Am I saying you will develop heart disease if you ever touch a food with vegetable oil in it? No, not entirely. But actively eliminating these oils will improve your health and longevity.
So, What Can You Do?
- Throw out all vegetable oil you have in the house. Don't worry about being wasteful of food because that, my friends, is not actually food. Swap for olive oil, avocado oil, coconut oil, macadamia oil and algae oil.
- If you are eating something packaged, look at the ingredients. If any vegetable oil is listed, put the darn thing back. Odds are if you do some searching (hello, Amazon), you will be able to find a substitution that is free of nasty ingredients.
- Put your money where your mouth is, literally. We are the consumers and the most effective way to change our food system is by using our dollar. Buy products that use better cooking oils. Be okay with spending an extra 50 cents here or dollar there knowing that it's an investment in your health, longevity and quality of life.

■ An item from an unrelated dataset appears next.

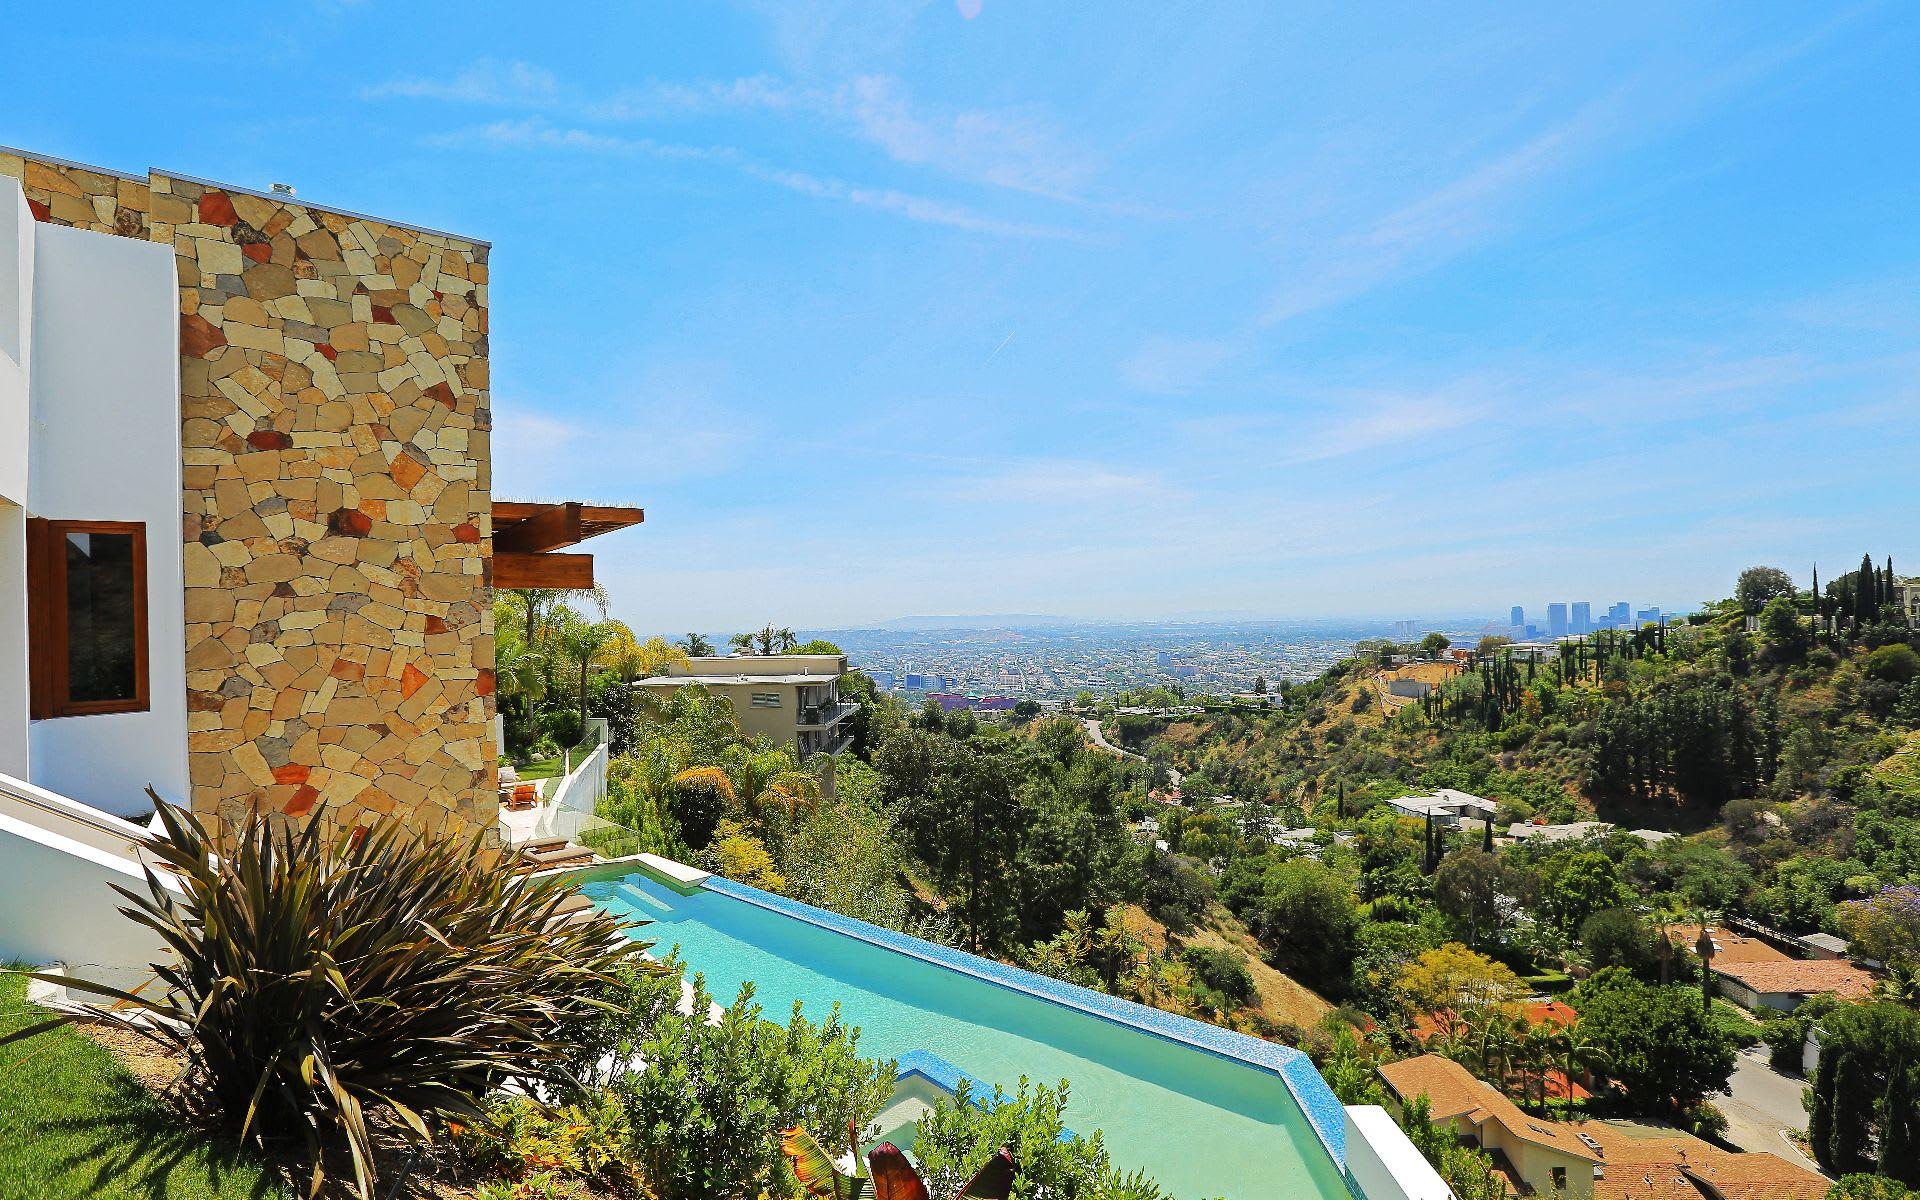 Additional photo for property listing at 1551 Viewsite Dr 1551 Viewsite Dr Los Angeles, Καλιφορνια,90069 Ηνωμενεσ Πολιτειεσ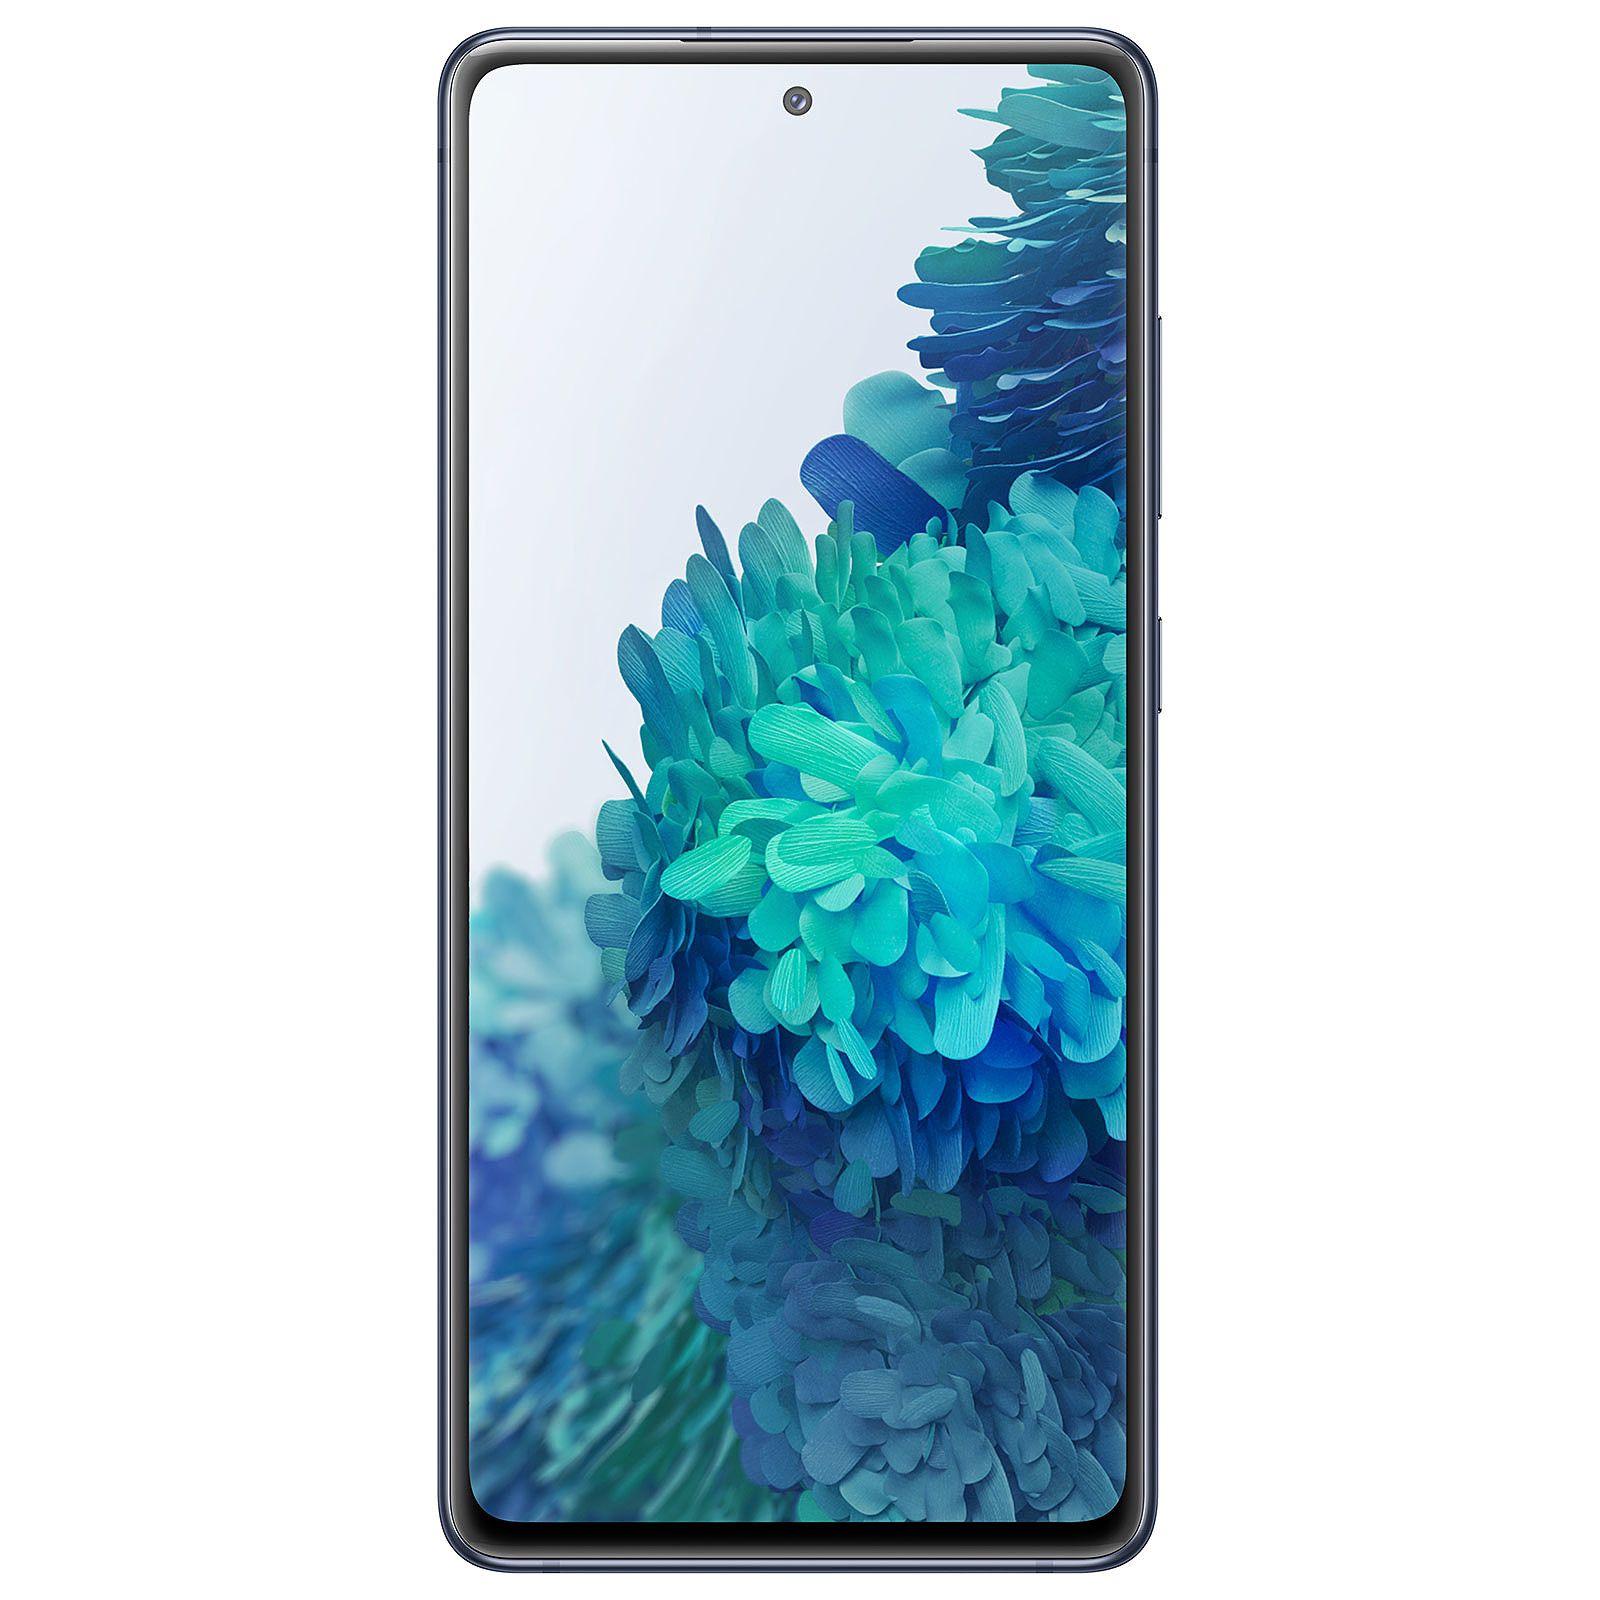 "Samsung Galaxy S20 FE 5G 128/6GB + 100€ Amazon Gutschein (Snapdragon 865, 6.5"" 120Hz Amoled Display, 4500mAh Akku, IP68, NFC)"

- Be careful about what you order in a restaurant. It's okay to ask them to cook your food in olive (which most restaurants have) instead of soybean or corn oil (which most restaurants use). Support businesses that use better cooking oils, odds are if they care about cooking oil quality they care more about food quality. "That meal was gross. I can tell they didn't use canola oil. The rancid flavor just wasn't there," said no one ever.
Feel empowered by nutrition knowledge rather than limited. Encourage your friends and family to educate themselves on this topic, and others relating to sustainability, food production and food quality. Have these discussions, and eventually you won't be the weird one asking the server what kind of oil they cook with.